Join us for a stroll past some of Lansing's most prominent buildings that ring Capitol Square.  Stops include Lansing City Hall, the Billie Farnum building, the Chamberlain Building (the post office), the Capitol building, the Capitol Mall, First Presbyterian Church, St. Mary's Cathedral, St. Paul's Episcopal Church, and Central United Methodist Church.  The tour will conclude with the opportunity to enter into St. Paul's, and see their lovely stained glass windows while enjoying some cookies and punch with their members!

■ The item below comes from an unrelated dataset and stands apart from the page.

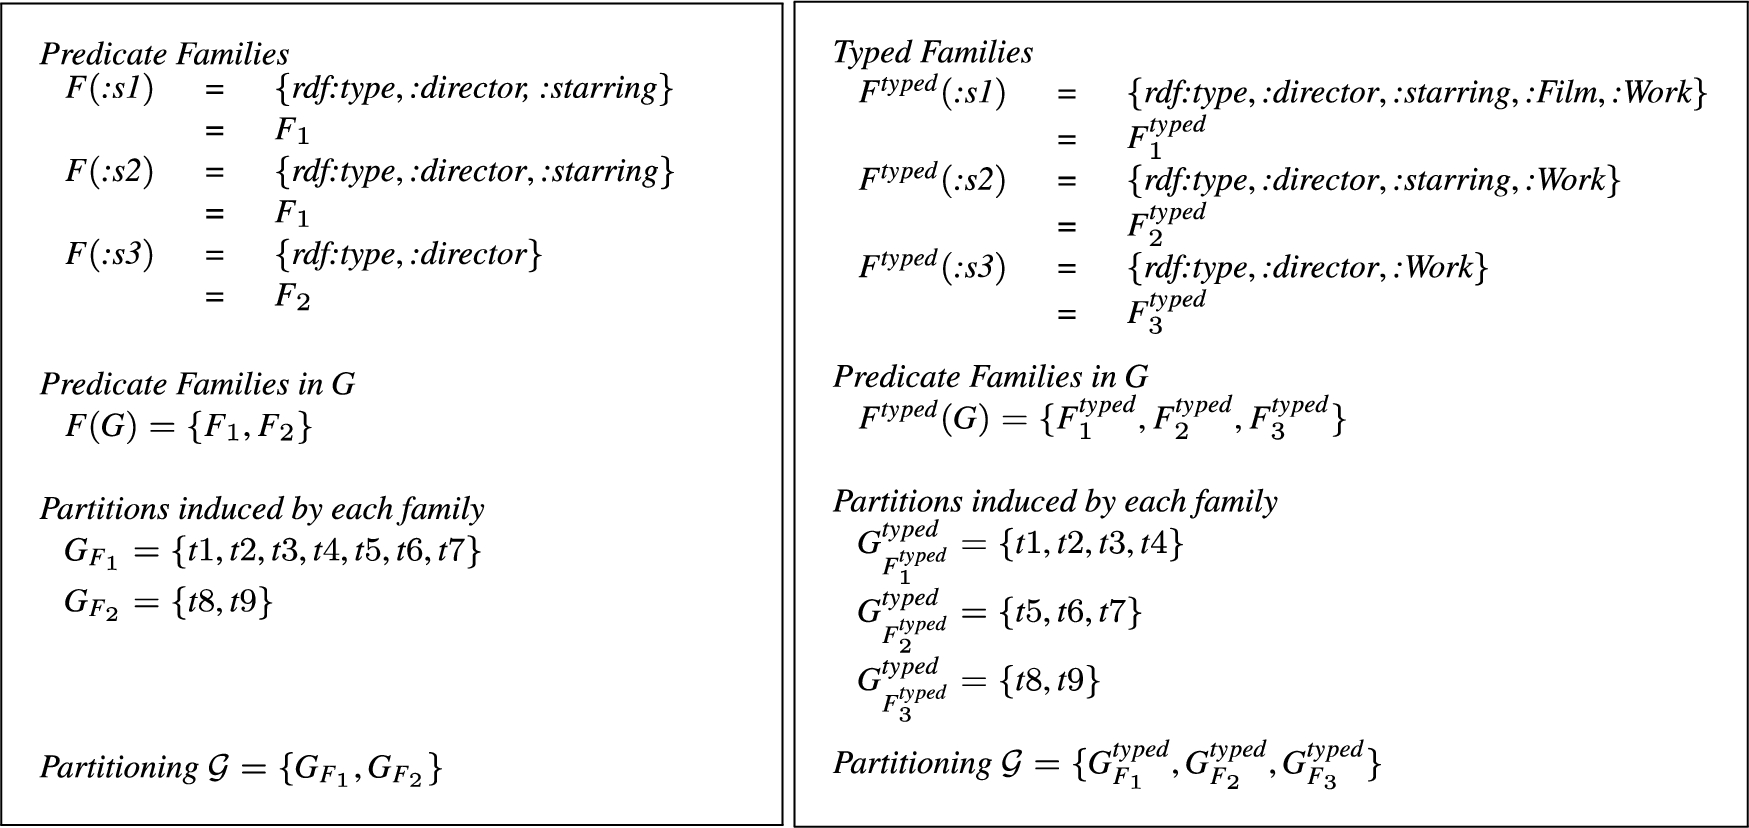 Predicate families and typed families for the KG shown in Fig. 1.

Please note that all HSGL walking tours are free and open to the public, though donations are gratefully accepted.

Monday, July 7, 2014

HSGL July Walking Tours

Join HSGL this month for three more Lansing walking tours!

REO Town
*New Tour for 2014*
Saturday, July 12, 2014 – 10:00 am
Tour meets at the LBWL Grand Trunk Depot
Buildings and sited featured include the depot, the REO Factory and REO Clubhouse site, two historic filling stations, and a former bank, among others.

Downtown Alleyways
*New Tour for 2014*
Thursday, July 24 – 7:00 pm
Meets at Lansing City Hall Plaza
Explore the backsides of Lansing’s downtown buildings, and learn about the important functions that alleyways have served.

Lost Lansing
Saturday, July 26 – 10:00 am
Tour meets at Lansing City Hall Plaza

Lost buildings include the wooden capitol building, Lansing’s only octagon house, the Barnes Castle, the old Post Office and City Hall building, and others.

All tours are free and open to the public, though donations are gratefully accepted.